The value of f + 1 + num is also a foo *; it points to the num+1th foo.
What you probably had in mind was:
foo->comment = (char *)f->data + num;
Or:
foo->comment = (char *)(f + 1) + num;
Note that while GCC will allow you to add num to a void pointer, and it will treat it as if sizeof(void) == 1, the C Standard does not give you that permission.
That is an old game, though the usual form is like
struct foo {
size_t size
char data[1]
}
and then allocate the space as big as you want and use array as if it had the desired size.
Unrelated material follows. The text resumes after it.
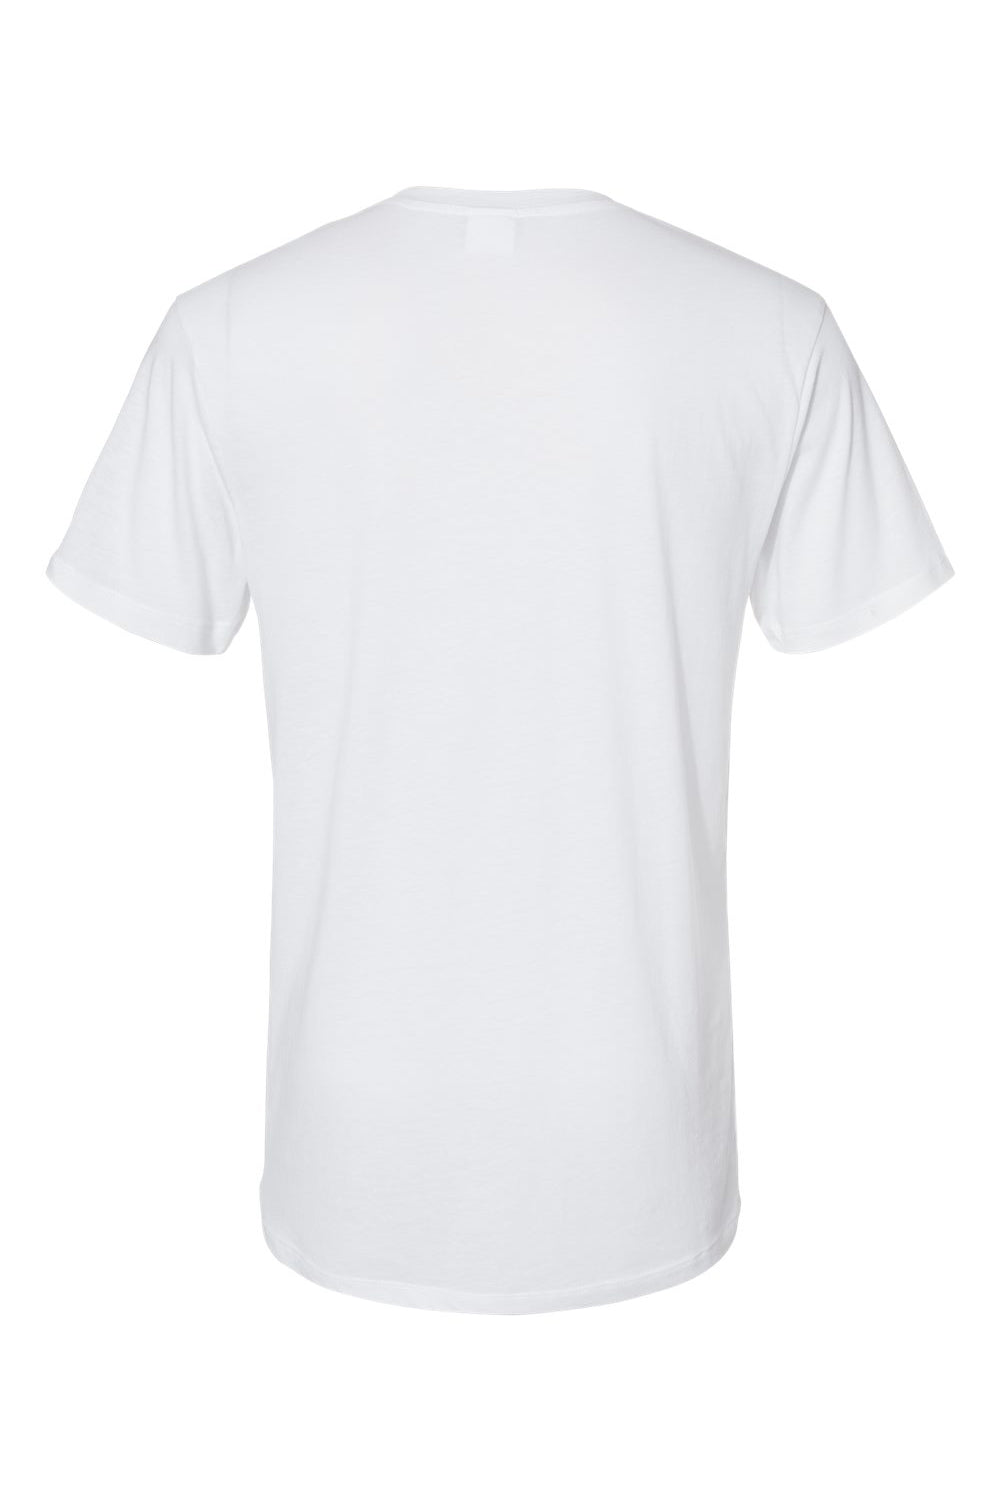 Augusta Sportswear 3065 Mens Short Sleeve Crewneck T-Shirt White Flat Back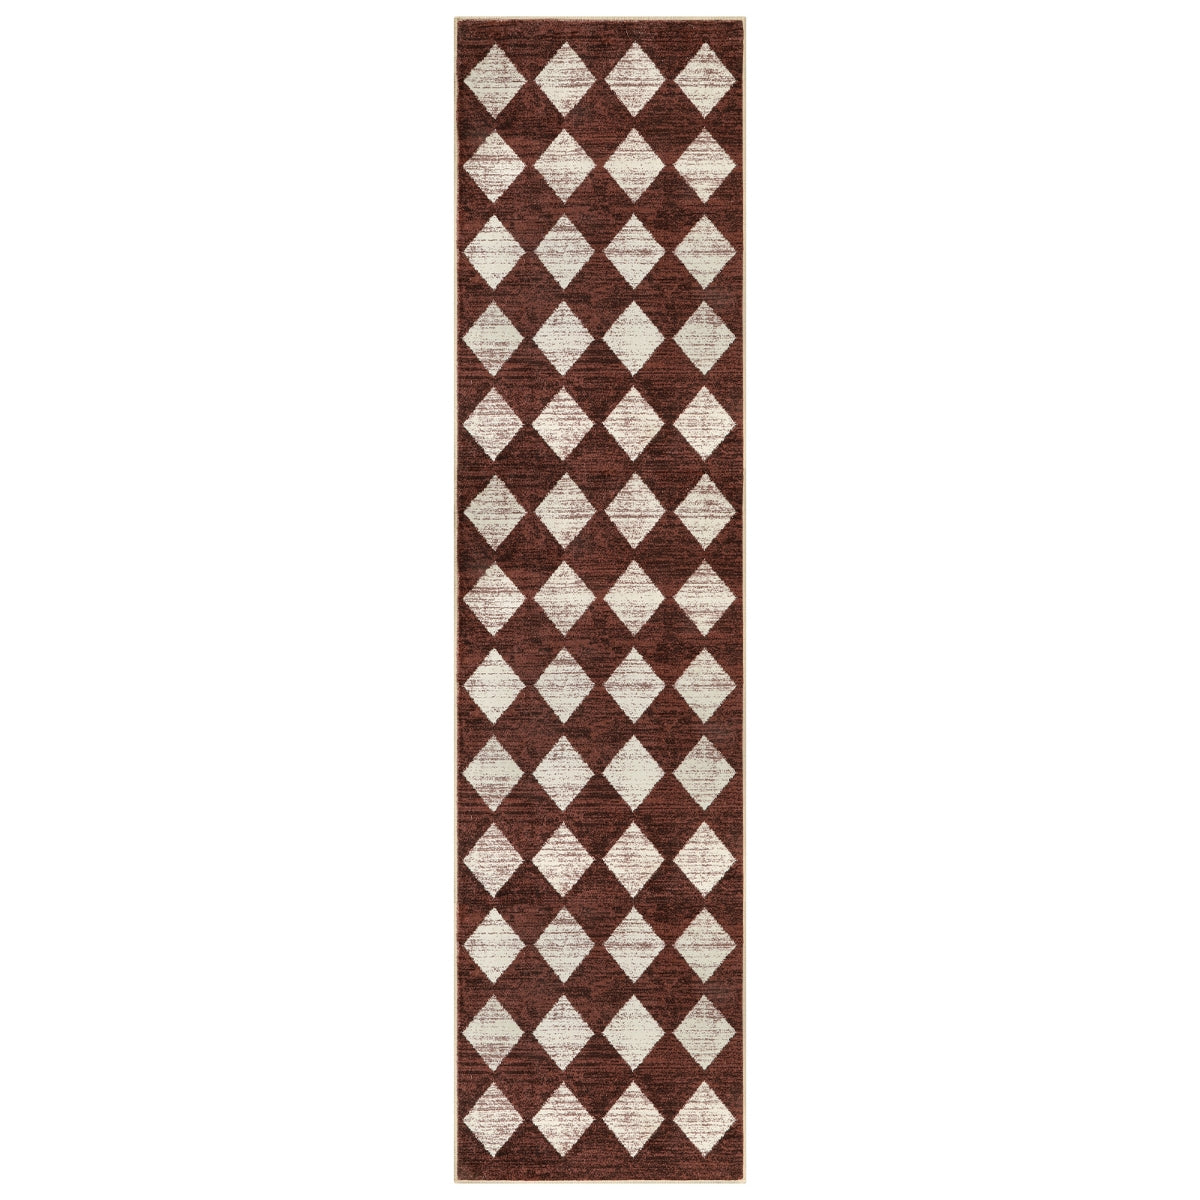 Small Soft Modern Geometric Diamond Checkered Tile Area Rug

It is valid, but I would encourage you to find another way if possible: there are lots of chance to screw this up.
Yes, the general idea of the hack is valid, but at least as I read it, you haven't implemented it quite correctly. This much you've done right:
f = malloc(num + sizeof(foo) + MAX_COMMENT_SIZE );
f->data = f + 1; // is this OK?
But this is wrong:
f->comment = f + 1 + num;
Since f is foo *, the f+1+num is computed in terms of sizeof(foo) -- i.e., it's equivalent to saying f[1+num] -- it (attempts to) index to the 1+numth foo in an array. I'm pretty sure that's not what you want. When you allocate the data, you're passing sizeof(foo)+num+MAX_COMMENT_SIZE, so what you're allocating space for is num chars, and what you (presumably) want is to point f->comment to a spot in memory that's num chars after f->data, which would be more like this:
f->comment = (char *)f + sizeof(foo) + num;
Casting f to a char * forces the math to be done in terms of chars instead of foos.
OTOH, since you're always allocating MAX_COMMENT_SIZE for comment, I'd probably simplify things (quite) a bit, and use something like this:
typedef struct foo {
char comment[MAX_COMMENT_SIZE];
size_t num_foo;
char data[1];
}foo;
And then allocate it like:
foo *f = malloc(sizeof(foo) + num-1);
f->num_foo = num;
and it'll work without any pointer manipulation at all. If you have a C99 compiler, you can modify this slightly:
typedef struct foo {
char comment[MAX_COMMENT_SIZE];
size_t num_foo;
char data[];
}foo;
and allocate:
foo *f = malloc(sizeof(foo) + num);
f->num_foo = num;
This has the additional advantage that the standard actually blesses it, though in this case the advantage is pretty minor (I believe the version with data[1] will work with every C89/90 compiler in existence).
Another possible problem might be alignment.
If you simply malloc your f->data, then you can safely e.g. convert your void* to double* and use it to read/write a double (provided that num is sufficiently large). However, in your example you can no longer do that, as f->data might not be properly aligned. For example, to store a double in f->data, you will need to use something like memcpy instead of a simple typecast.
I'd rather use some function to allocate the data dynamically and free it correctly instead.
Using this trick only saves you the trouble of initializing the data structure, and can lead to very bad problems (see Jerry's comment).
I'd do something like this:
typedef struct foo {
void *data;
char *comment;
size_t num_foo;
}foo;
foo *alloc_foo( void * data, size_t data_size, const char *comment)
{
foo *elem = calloc(1,sizeof(foo));
void *elem_data = calloc(data_size, sizeof(char));
char *elem_comment = calloc(strlen(comment)+1, sizeof(char));
elem->data = elem_data;
elem->comment = elem_comment;
memcpy(elem_data, data, data_size);
memcpy(elem_comment, comment, strlen(comment)+1);
elem->num_foo = data_size + strlen(comment) + 1;
}
void free_foo(foo *f)
{
if(f->data)
free(f->data);
if(f->comment)
free(f->comment);
free(f);
}
Note that I did no check on data validity, and my alloc can be optimized (replacing strlen() calls by a stored lenght value).
It seems to me that this behavior is more secure... at the price of a disseminated data chunk maybe.